2016 — 25 February: Thursday

Power is on1 and my cuppa is hot and freshly-made.

Last night's...

... temptation was, indeed, to try out the digital audio signal from the Xonar. Not a peep? You guessed right. Meanwhile, Kodification of my film titles is now complete, and I'm left to pick up the few bits of "TV Show" material that have crept into the online DB Kodi uses for films. A typical example being several of the BBC plays of Shaw and Dickens. Although these are clearly "mini-series", they sometimes get treated as if a single film title, and end up in the DB.

As you can see...

... I've already reached the letter "H" in this latter task...

five recently-added titles

And there's clearly a minor bug in the Screenshot. It forgot to discard the outline of the area I was in the process of defining for capture before clicking its little shutter.

It takes about...

... the same time to read this cautionary tale as it does to game Amazon into declaring you a #1 best-selling author in your carefully-chosen, obscure category.

It occurs to me that even my fastest-written book — a self-teach guide to COBOL on the ICL 1500 Series minicomputer (which is probably obscure enough, these days) — took me one full, very busy, weekend. Though it never troubled any best-seller charts, it paid me £2,000 when that was still quite a worthwhile sum to put towards the cost of a new Honda Civic (back in early 1980).

Hired by the CIA?

A beautifully-written essay. Source and snippet:

My first round of interviews involved the delivery of memorized briefings (mine were on the takeover of the Islamic Courts Union in Somalia and the death of an important tribal leader in Baluchistan, which is another way of saying I had a subscription to The Economist). At the time, I had a phobia of public speaking that was crippling even before a civilian audience; from this experience, I learned that I could operate while terrified.

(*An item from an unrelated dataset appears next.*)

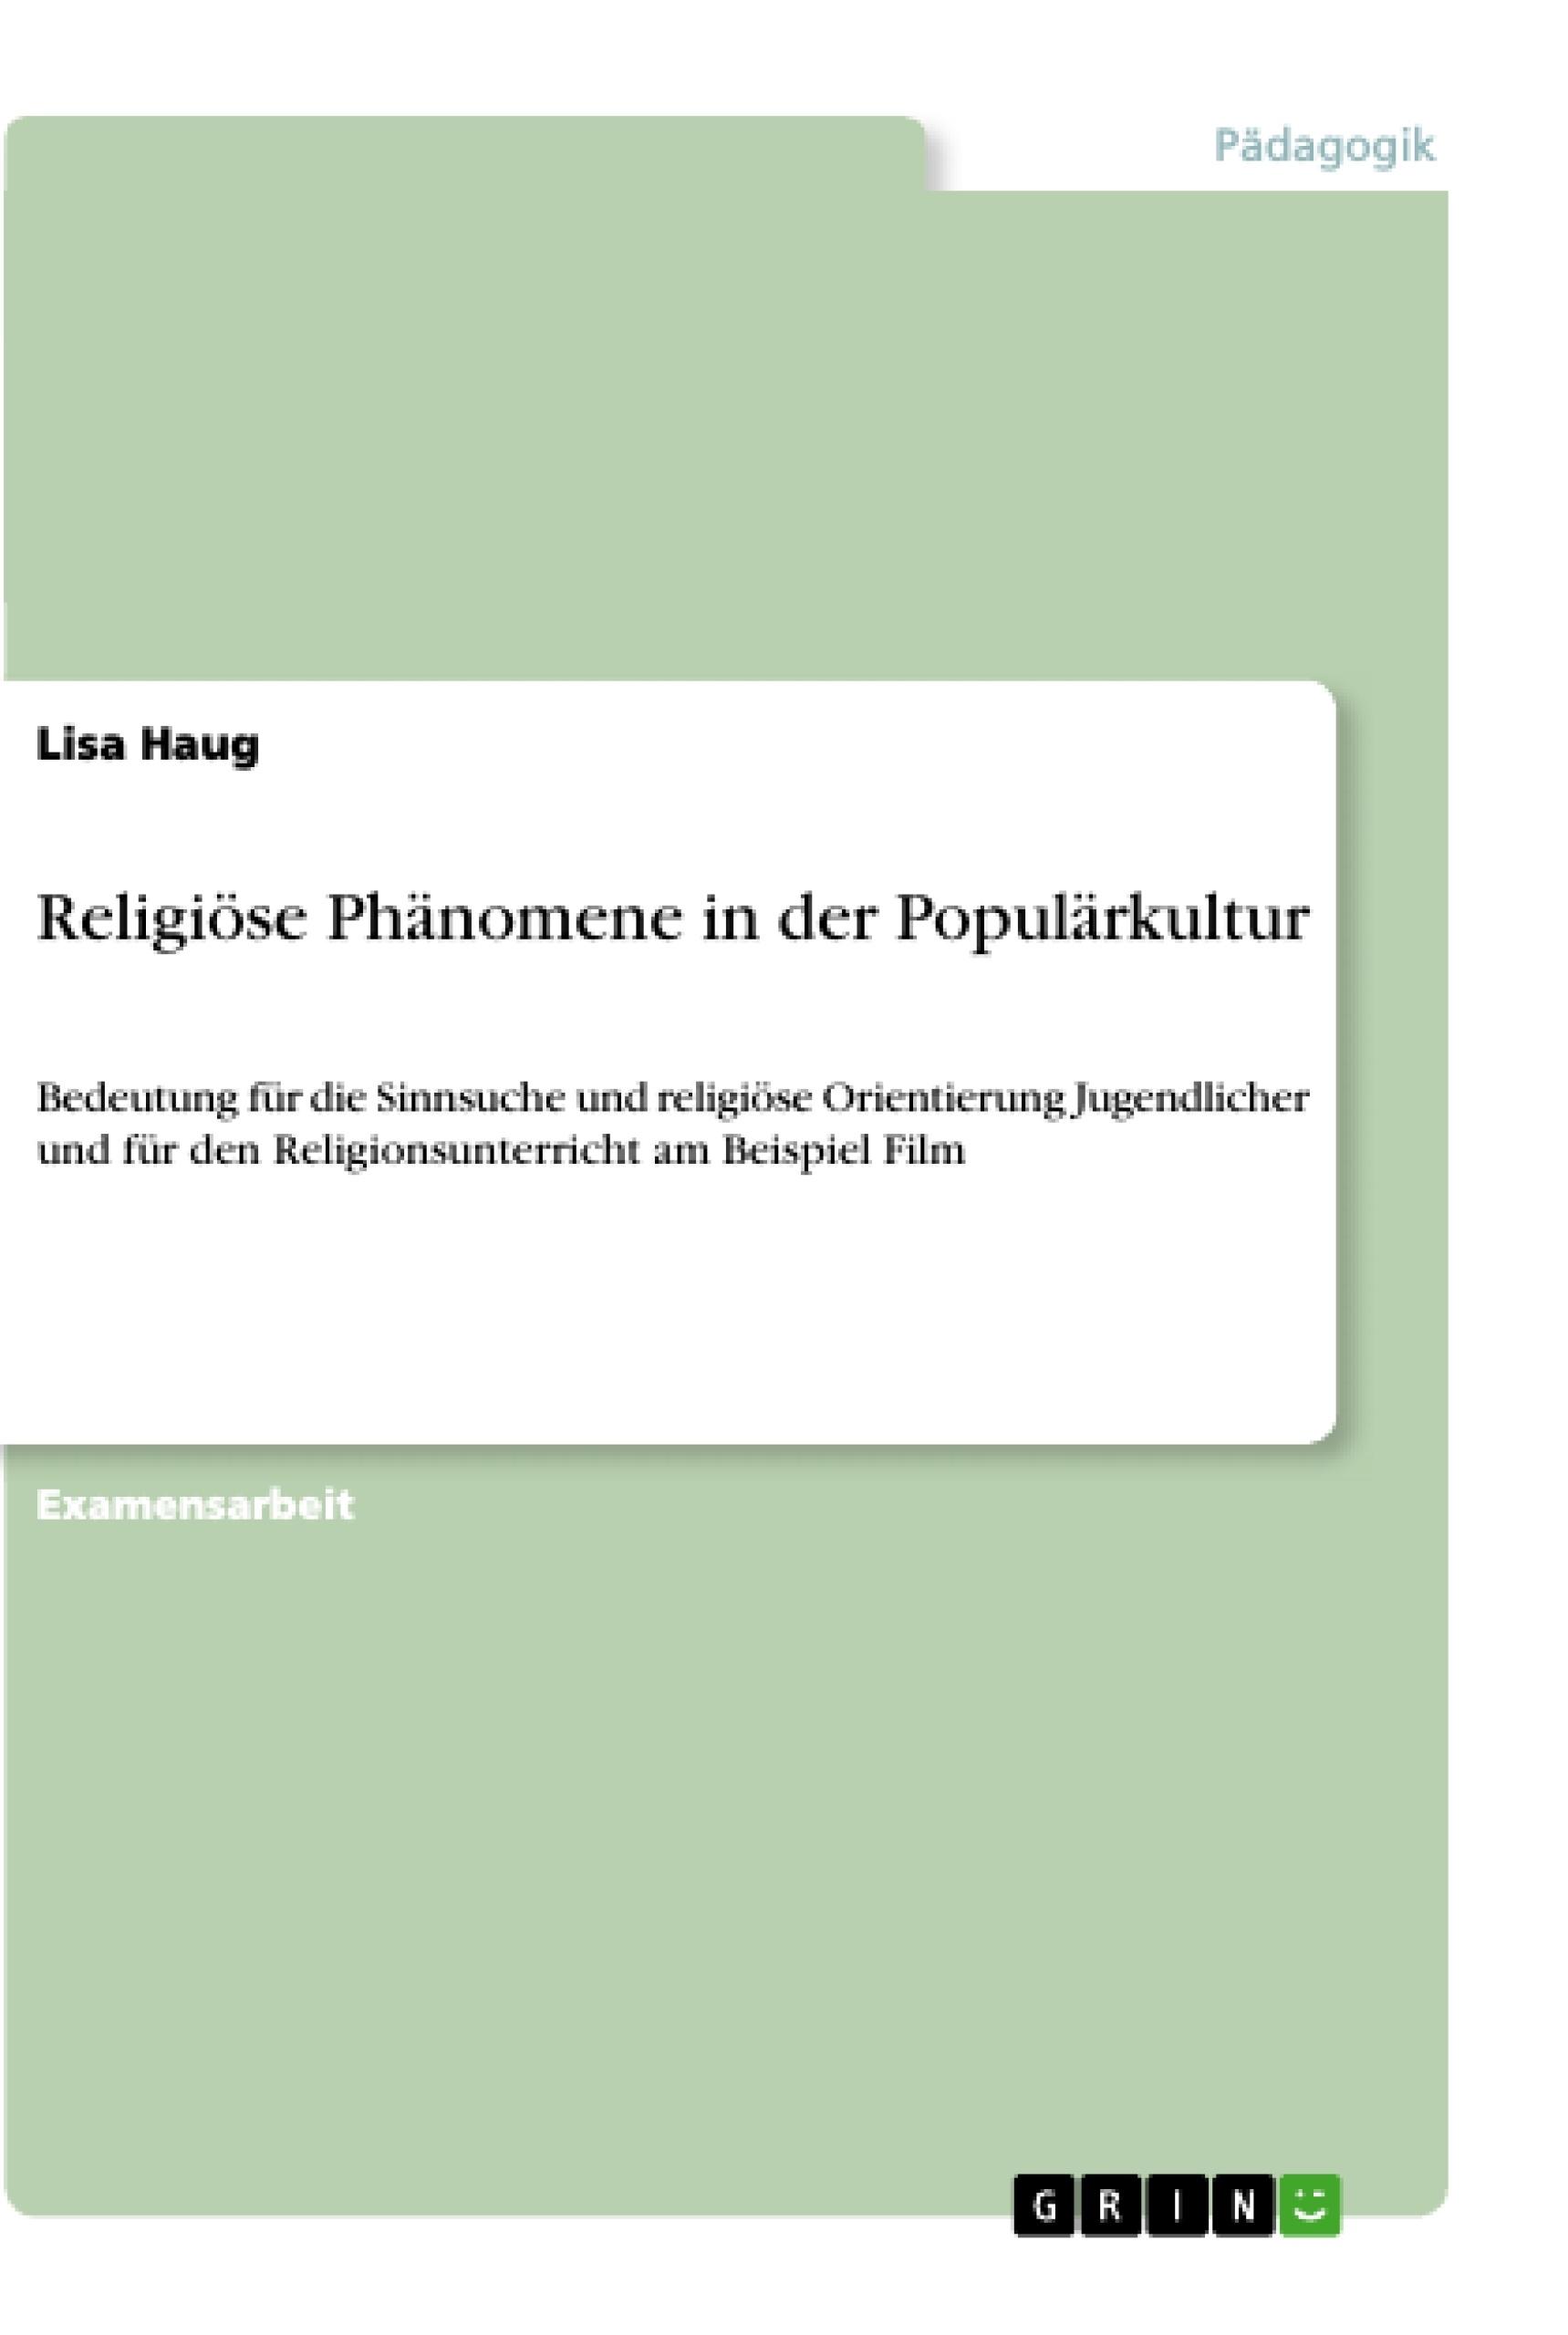 Titel: Religiöse Phänomene in der Populärkultur

Jennifer duBois in Laphams


Umberto Eco...

... came up in passing during yesterday's little fresh-air ramble. (We were contemplating contenders for the Jones' Kindle while on an extensive upcoming tour of Scotland.)

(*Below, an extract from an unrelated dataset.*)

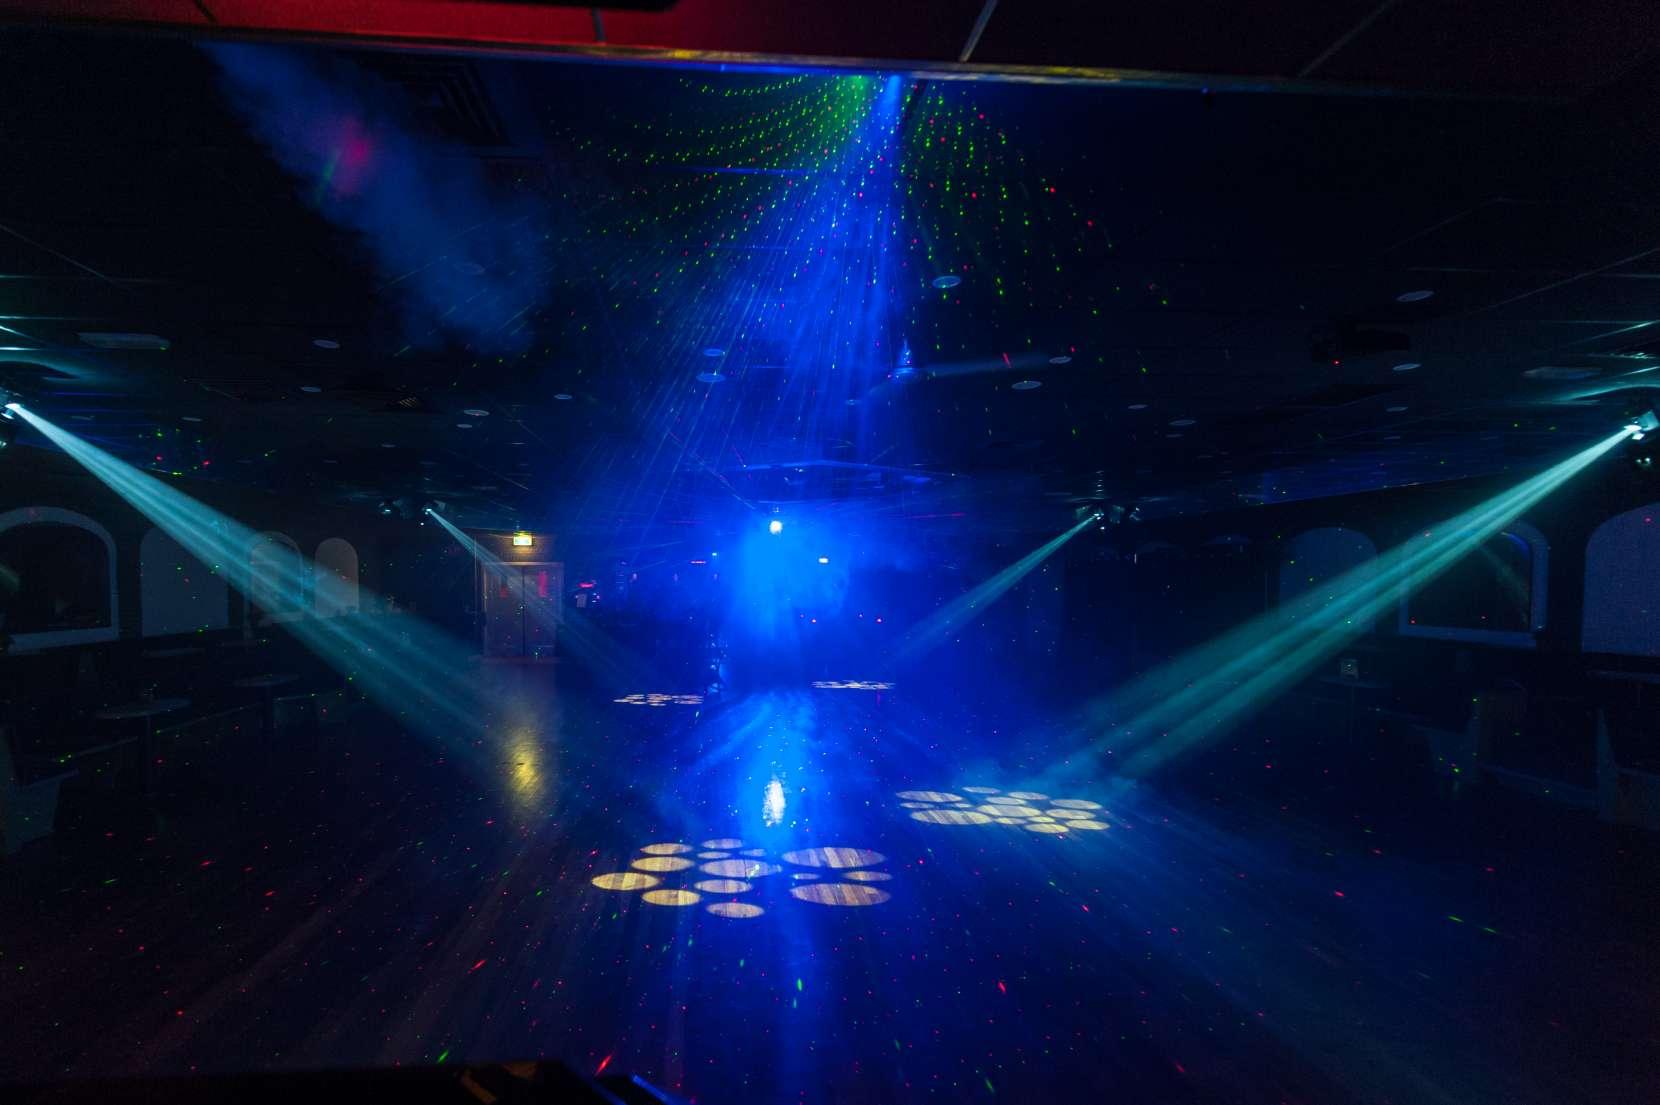 Led-verlichting-4-1660x1105.jpg

That we encounter the past primarily through texts only made this more troubling. Texts are, after all, made up of language; and as Eco came to realise as he turned to look at media culture, language is anything but objective. It is a patchwork quilt of symbols, metaphors, euphemisms, omissions and distortions, all of which reflect the relationships of power in the author's society, and which are understood by readers — or historians — in light of their own experiences of social dynamics.

Alexander Lee in History Today


I came naïvely late to the realisation that history is largely a process of "making things up".

Although...

... what I should be doing right now is...

  1. experimenting with a borrowed mini-DisplayPort to full-size DisplayPort lead to see how the NUC copes with driving two quite hi-res screens at the same time while (say) playing videos, and/or
  2. fixing the unwanted muting of the SP/DIF channel on the NUC's external USB Xonar sound card by correcting the misapprehension2 alsamixer is currently operating under...

... what I'm actually doing (besides digesting my evening meal) is listening to today's sonic arrivals. I began with this 1975 version of "Peter and the Wolf" narrated by Viv Stanshall and performed by an interesting set of musicians:

Peter and the Wolf CD

Not for the purists, but I enjoyed it. (Fiona Talkington played a couple of extracts on "Late Junction" on Tuesday night.)

Then, having enjoyed what I'd heard on "Record Review" nearly two weeks ago, I've been bopping along to this pleasant pair of CDs featuring some pretty ancient songs by Guillaume de Machaut:

Medieval French polyphony

Hyperion have done their usual splendid job on these recordings. Although I've neither seen, nor often thought of, Walerian Borowczyk's film "Blanche" for 43 years or so, this music is very evocative of it.

  

Footnotes

1  But the Sky Gods have turned down the "room thermostat" hereabouts to -4C at the moment, for their own ineffable reasons.
2  I need to add the Xonar to USB-Audio.conf with IEC958 In set to "on".